Learning A Unified Risk Map for Autonomous Driving in Partially Observable Environments
Abstract
A unified risk map modeling framework addresses occlusion challenges in autonomous driving by integrating traffic flow and collision risks through spatiotemporal modeling and diffusion-based scenario generation.
Occlusion-aware prediction remains a critical challenge in autonomous driving due to the inherent uncertainty of unobserved regions. Existing approaches either overestimate risk based on reachable states or struggle to predict accurate trajectories under high occlusion uncertainty. To address these limitations, we propose a unified risk map modeling and learning framework for partially observable environments. Our method integrates traffic flow risk and collision risk through spatiotemporal modeling, enabling fine-grained assessment of occlusion-induced hazards. To address the scarcity of scenarios involving occluded interactions, we introduce a diffusion-based scenario generation framework that produces realistic yet adversarial scenarios.
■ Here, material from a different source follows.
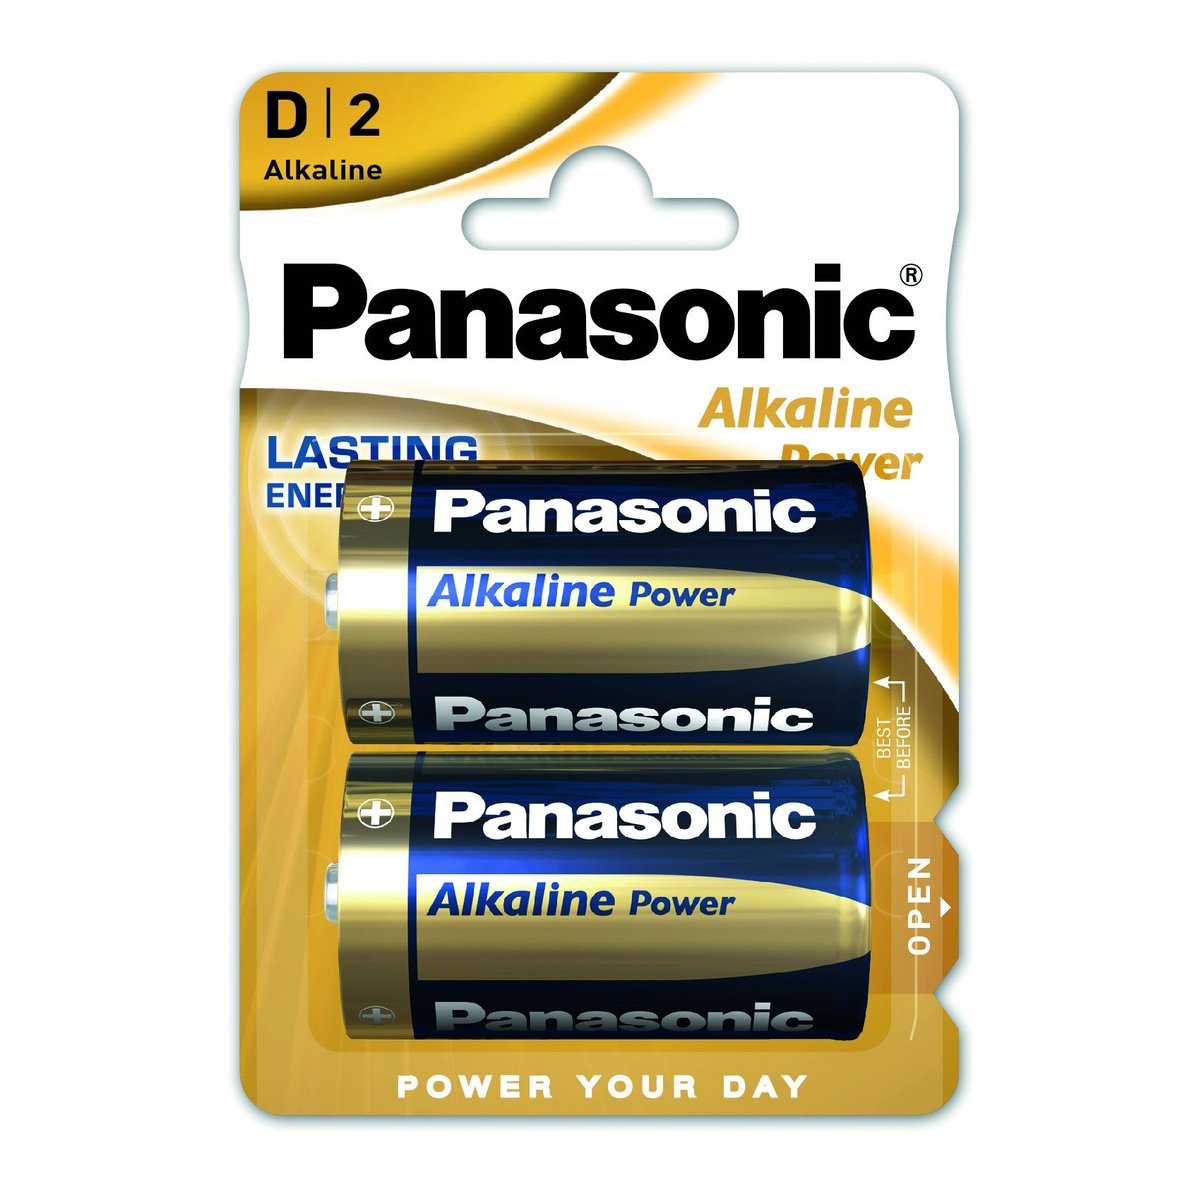 Panasonic Alkaline power D baterie

We integrate the modeling and learning of a unified risk map into a framework that supports risk-aware planning under partial observability. Experiments on the Waymo Open Motion Dataset show that our method significantly outperforms the state-of-the-art occlusion-aware baseline, improving minimum time-to-collision by 0.78 times and average time-to-collision by 1.67 times. The proposed framework offers a comprehensive and practical solution for risk-aware planning in partially observable environments.
Community
Learning A Unified Risk Map for Autonomous Driving in Partially Observable Environments (IEEE RA-L) — How should a self-driving car reason about danger it can't see? This work (IEEE RA-L) introduces a unified spatiotemporal risk map that fuses traffic-flow risk and collision risk into a single field for occlusion-aware planning. Its standout idea: generate rich risk labels offline by combining an expressive guided-diffusion model with rule-based logic, then distill them into a lightweight transformer that predicts the field in real time from vectorized maps and the ego's field-of-view — the richness of a generative model at feed-forward speed. To beat the scarcity of safety-critical occluded data, a guidance-based diffusion generator synthesizes adversarial-yet-realistic interactions. On the Waymo Open Motion Dataset, it delivers consistent safety gains (e.g., TTC) over SOTA occlusion-aware baselines — a practical "use a heavy model to teach a fast one" template for safety-critical robotics.